Karoly Dietz ricopriva l’incarico di selezionatore fin dal ’34 ed aveva un solo obbiettivo: la conquista della Coppa, e al raggiungimento di tale meta rivolgeva ogni sforzo possibile, per rivendicare al calcio magiaro quella supremazia che a suo parere meritava più di ogni altro. Ma l’euforia delle vittorie sull’Austria nel ’36 (5-3 sia a Vienna che a Budapest), venne bruscamente interrotta da una doppia sconfitta a Praga (5-2) e a Londra (2-6) con una tripletta di Ted Drake. Il trillo d’allarme fu immediatamente recepito e Dietz, secondo il principio in base al quale, chi dispone di talenti deve impegnarli, diede vita a quello che divenne poi il “trust dei cervelli”. Composto dal classico Giorgio Sarosi, dal geniale Laszlo Cseh e dal fromboliere Gyula Zsengeller lasciò un grande ricordo per la clamorosa vittoria di Praga nel Settembre 1937. 8-3 il punteggio di quell’incontro con il grande Sarosi ad infliggere 7 reti al leggendario Planika. La preparazione al mondiale era stata attenta e il risultato della qualificazione soddisfacente (11-1 alla Grecia). La grande conquista era a portata di mano.

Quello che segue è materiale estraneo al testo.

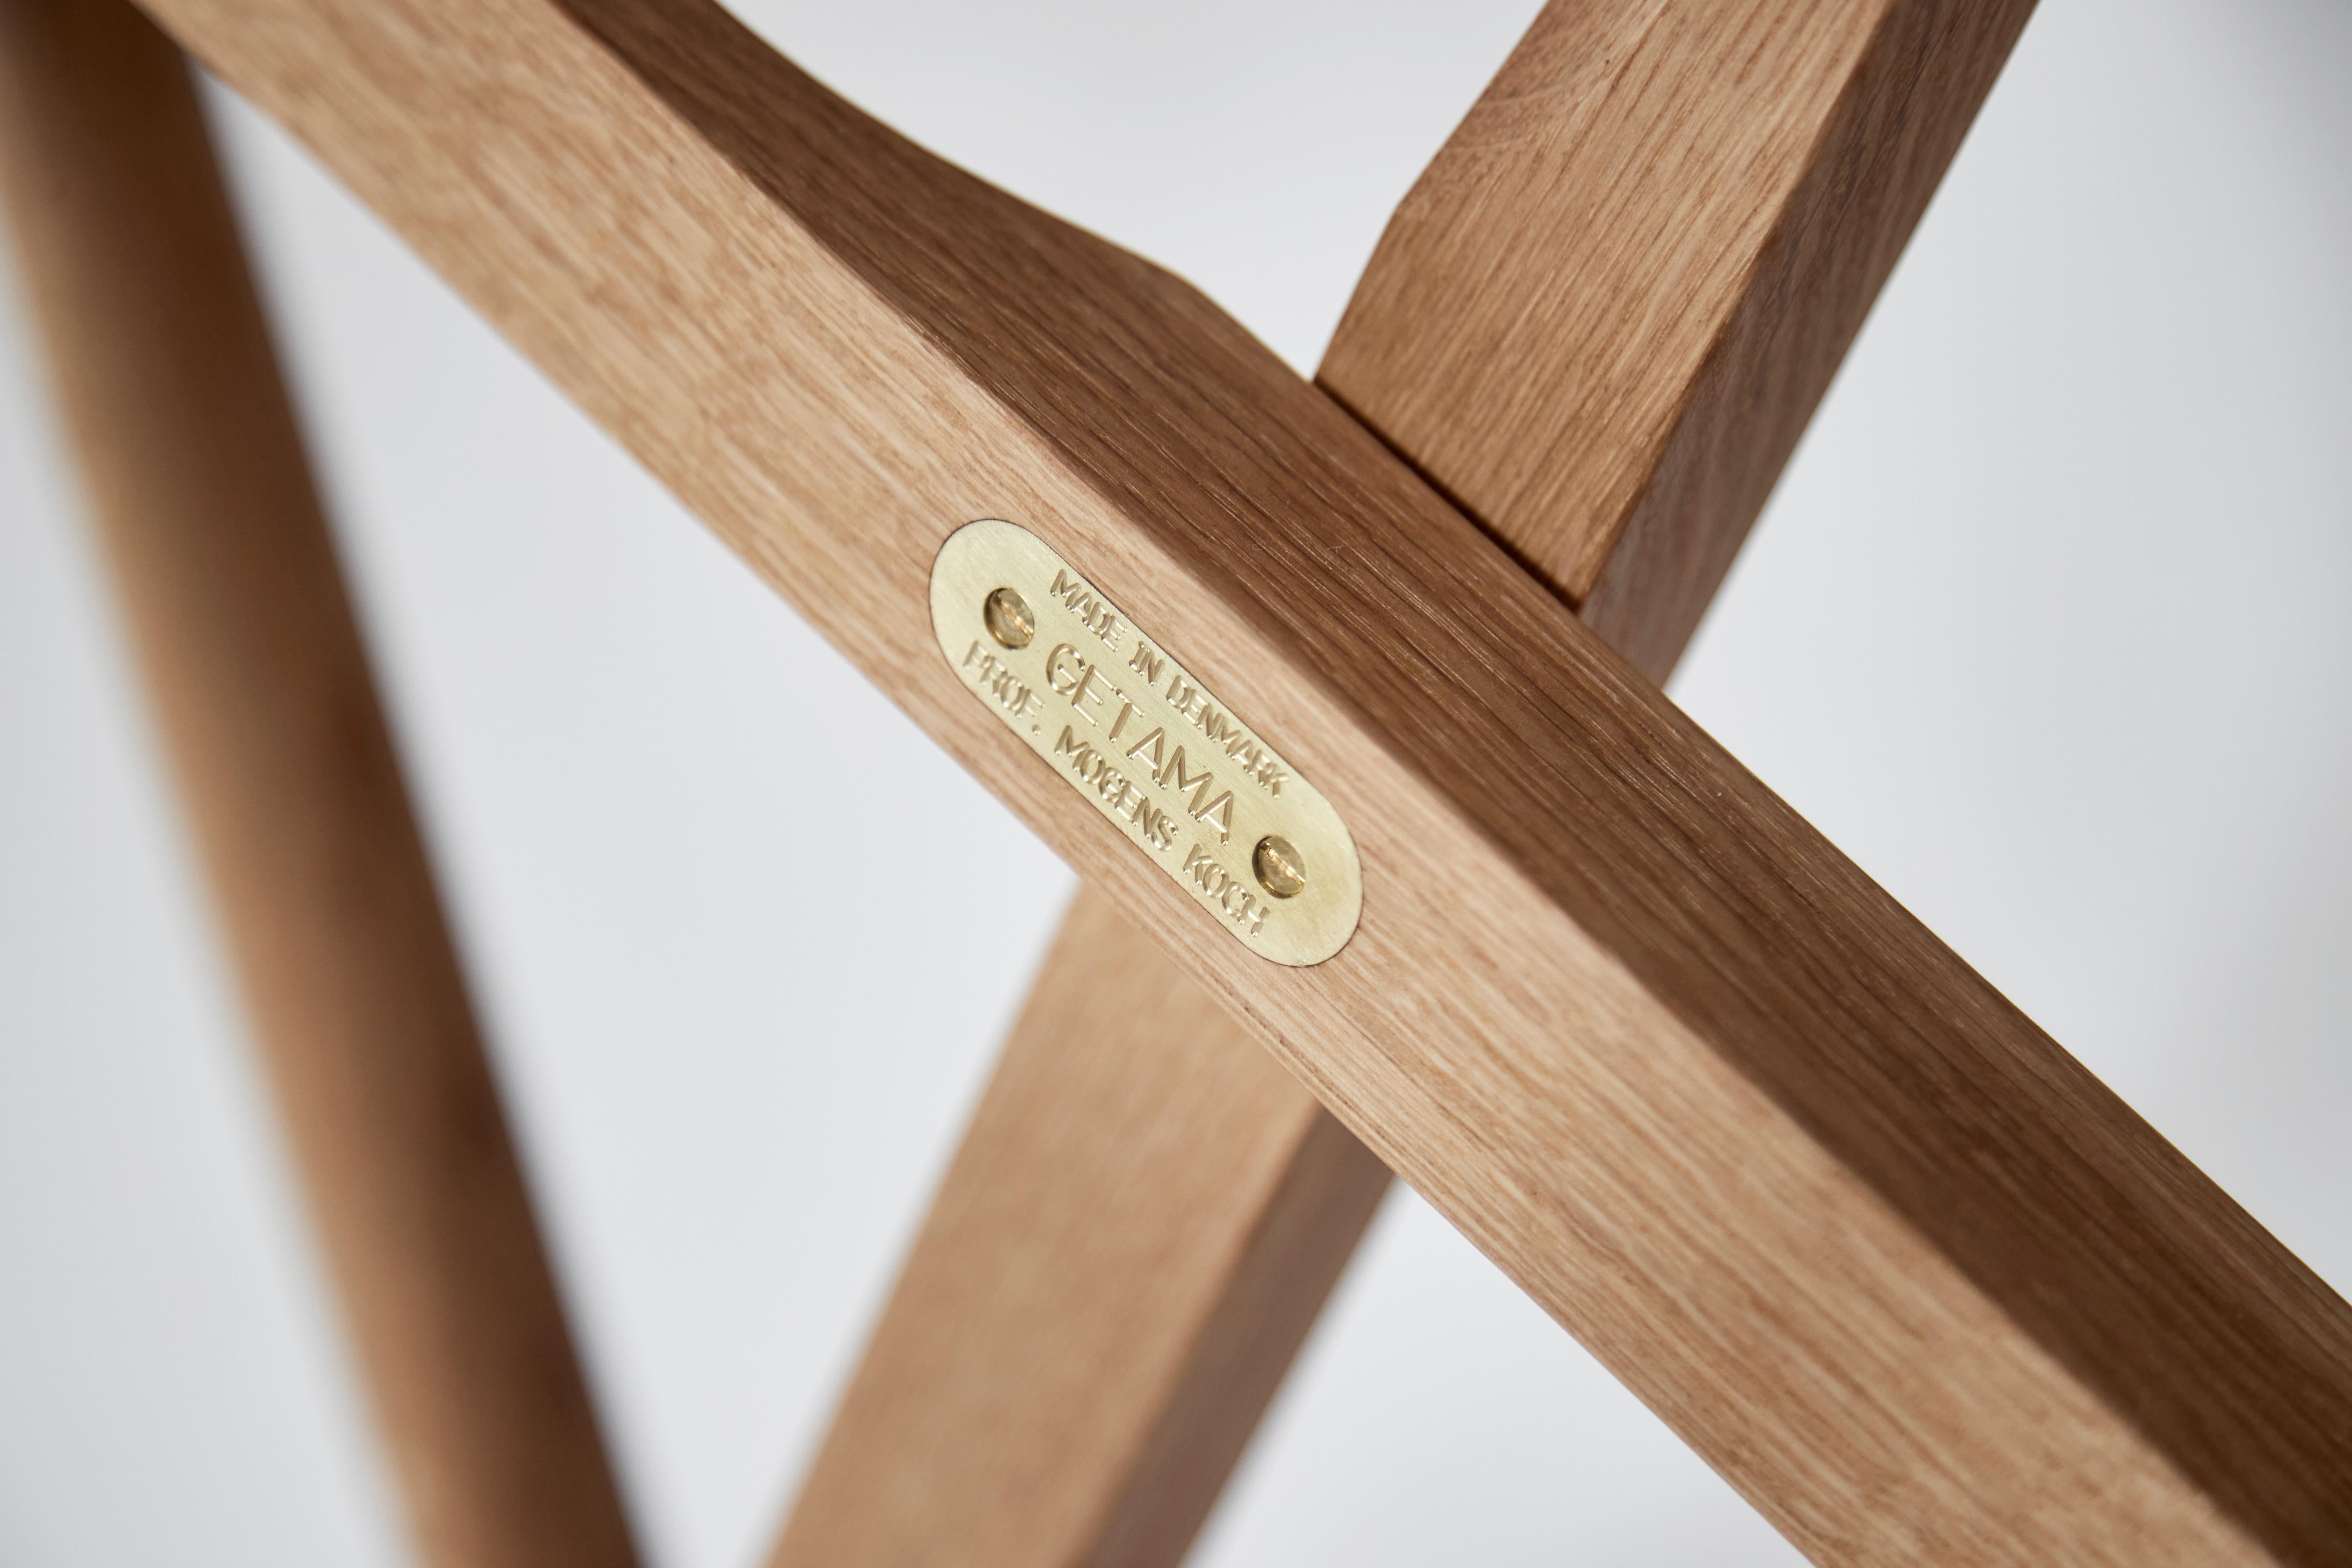 Danish Mid-Century Modern Scandinavian Chair Folding MK16 by Mogens Koch, New Product For Sale

Cecoslovacchia-Olanda 3-0 I capitani Van Heel e Planicka

La nazionale Cecoslovacca era in piena evoluzione dopo l’inattesa sconfitta ad opera dell’Italia nella finale di Roma. Penultima nella Coppa Internazionale terminata nel ’35, la selezione boema era stata sottoposta ad un processo di rinnovamento teso a rimpiazzare quei giocatori ormai in età avanzata. Antonin Puc ad esempio, prestigiosa ala dello Slavia, primatista delle reti in nazionale farà una sola apparizione nel mondiale in favore del più giovane Rulc. I terzini Zenisek e Vtyroky erano stati sostituiti con Burger e Daucik e la linea mediana era ancora fortissima composta da Kostalek e Boucek che già avevano giocato in Italia e completata da Kopecky dello Slavia. In attacco resisteva il solo Olda Neyedly ormai trentunenne, in grazia della grande classe di cui madre natura lo aveva dotato, e la ragnatela tipicamente boema era affidata alle giovani leve dei due squadroni praghesi. Fra i pali ancora il grande Planika e la partita dei «quarti» contro il Brasile sarà la sua ultima apparizione con la maglia della nazionale boema. La sconfitta del ’37 ad opera dei magiari (3-8) ed un altro rovescio subito a Basilea (0-4) ad opera della Svizzera di Amadò che già aveva assunto lo schieramento a «verrou», aveva ridimensionato la caratura boema, ma l’1 dicembre del ’37 i «rossi» erano andati a Londra ad incontrare i «maestri». Era finita 5-4 per i padroni di casa, ma i cechi con una grande prestazione avevano rivendicato il ruolo di grande potenza calcistica e Neyedly e Puc erano stati osannati quali autentici maghi del pallone. Questo risultato con la risaputa capacità di concentrazione dei boemi nei momenti decisivi ne aveva rivalutato la reputazione e anche i boemi erano attesi in Francia con enorme interesse.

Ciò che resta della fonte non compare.